Mixed matrix membranes based on two-dimensional materials for efficient CO2 separation: A comprehensive review

Nowadays, CO2 emission, the major factor in global warming, is alarmingly on the rise. Hence, the international demand for state-of-the-art technologies to separate and capture CO2 is growing. Accordingly, mixed matrix membranes (MMMs), a new class of materials formed by incorporating nanofillers into the polymer matrices, have been demonstrated to be a promising and versatile platform for CO2 separation by taking synergistic advantages of nanoparticles and polymers. In recent years, two-dimensional materials (2DMs) have drawn a great deal of attention as efficient fillers of MMMs due to their high surface area, lamellar structure, and nanometer thickness.

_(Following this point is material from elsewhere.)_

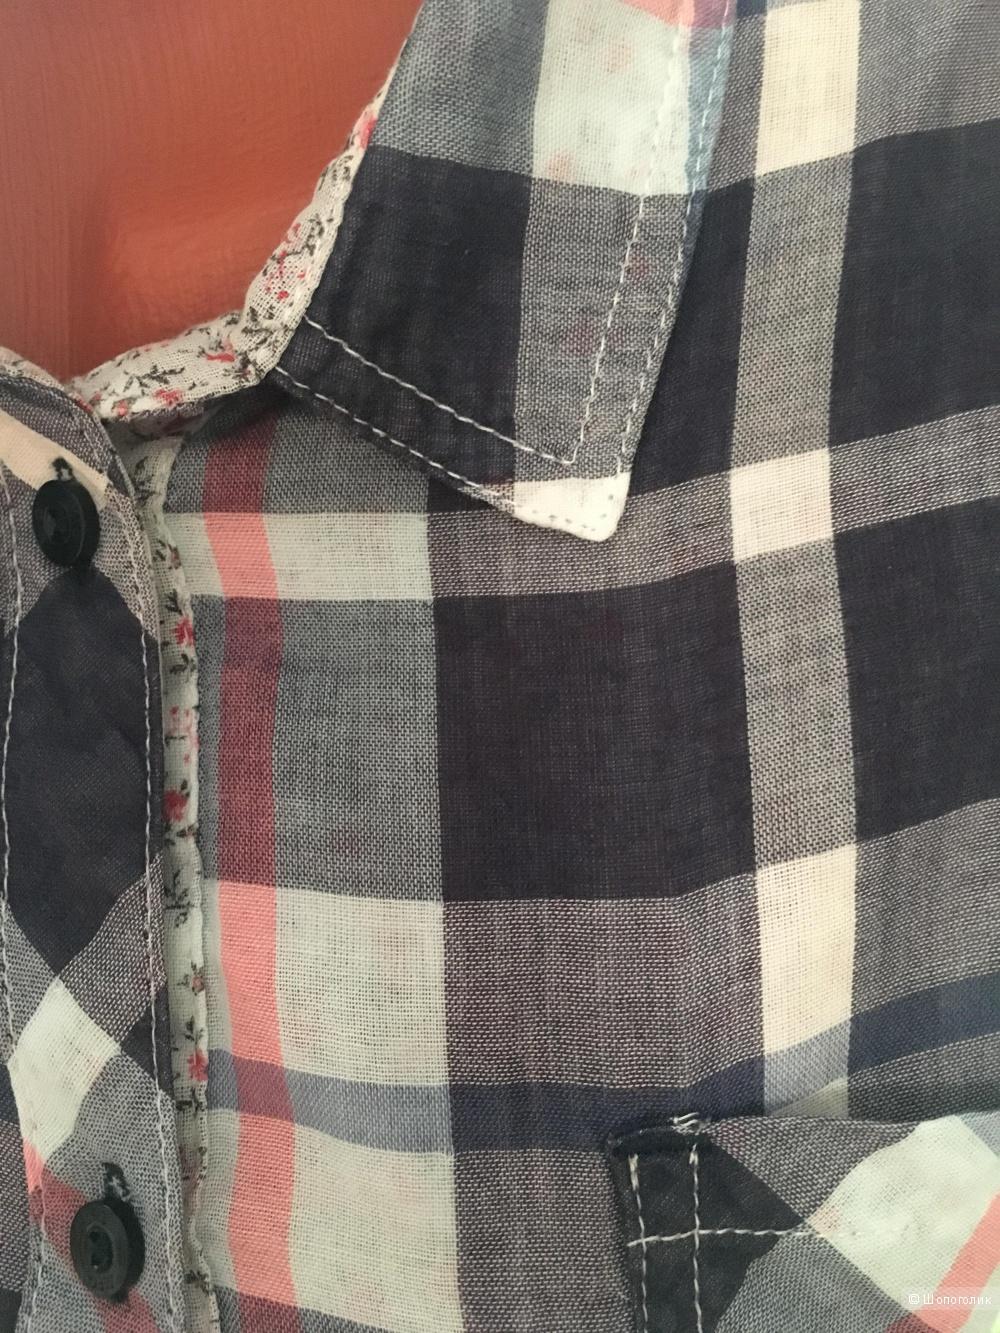 Сет рубашек Fil a fil Paris, 46 размер

Besides these characteristics, some 2DMs like GO and MOF enjoy selective pores on their surfaces that act as transportation channels, facilitating CO2 permeation through MMMs. In this work, the stability and gas separation properties of MMMs containing different types of 2D fillers (including GO, MOF, COF, MXene, g-C3N4, clay, MoS2, etc.) are critically reviewed. Moreover, some novel 2D-structure materials, such as antimonene, as potential fillers of MMMs for gas separation applications were proposed. The most common strategies for raising the efficiency of 2DMs, such as surface modification, adjusting sheet thickness, changing interlayer size, manipulation of the pore size, organization/alignment, and filler hybridization, are comprehensively investigated. Finally, some remaining challenges and thought-provoking ideas for further improving the stability and performance of 2DM-based MMMs for CO2 separation are outlined.